Just like CFTC, Kapito emphasised that the public must check the shelf prices and contents and compare them when paying at the till as most shops charge different prices on the till than those displayed on the shelves.
He had observed that most consumers do not bother to be assertive or being alert and thus some traders taking advantage of that.
At the media engagement, CFTC also highlighted what CAMA had warned the consumers on, that there is a growing tendency among certain shops that do not give back change.
CFTC also emphasized what Kapito also told consumers — that they must insist to always demanding the change back — “no matter how small it might be”.
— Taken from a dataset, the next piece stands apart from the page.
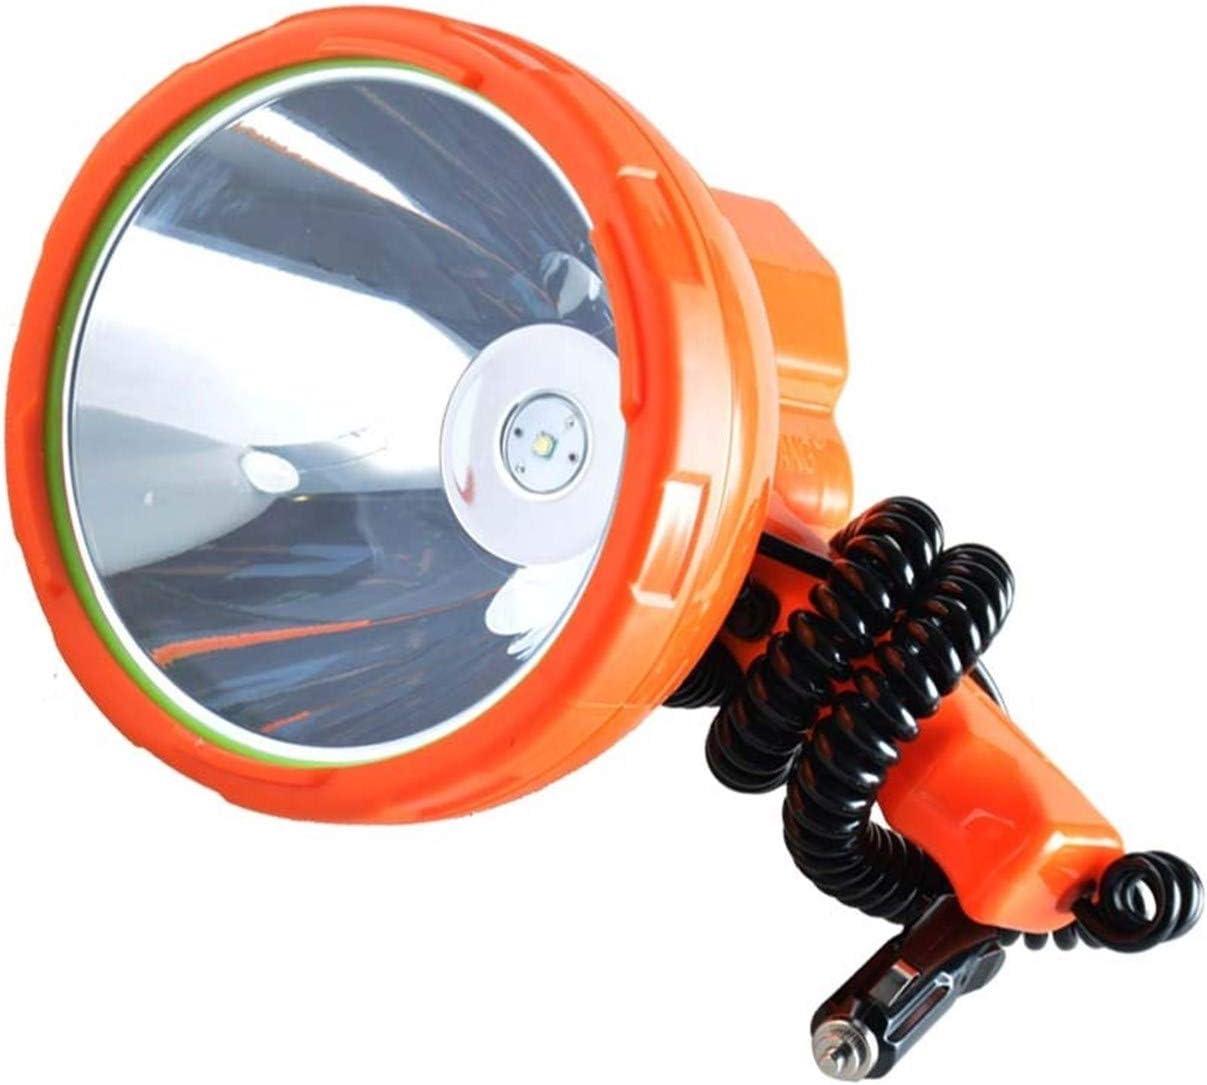 JSJJAUA Faroles de Mano 12v lámpara de la Pesca 1000m, 50W llevó la luz del vehículo - montado Reflector LED, Super Brillante proyector Portable for Acampar, Coche, la Caza (Emitting Color : 50W LED)

Overall mandate of CFTC is to regulate, monitor, control and prevent acts or behaviour which are likely to adversely affect competition and fair trading in Malawi while specific functions are:
* To carry out investigations on anti-competitive trade practices or unfair trading practices;
* To carry out investigations on a proposed merger;
To prevent or redress the abuse of a dominant position by an enterprise;
* To provide persons engaged in business with information regarding their rights and duties under this Act;
* To provide information for the guidance of consumers regarding their rights;
* To undertake studies and make available public reports;
*To cooperate with and assist any association or body of persons to develop and promote the observance of standards of conduct for the purpose of ensuring compliance with the provisions of this Act;
Any person can lodge a complaint with the Commission provided there is evidence in which CFTC investigates the complaint and may mediate for settlement between consumers and traders; order traders to give refund or exchange; issue Cease and Desist Order; issue company behavioural remedies and t dismiss case if not meeting any violations.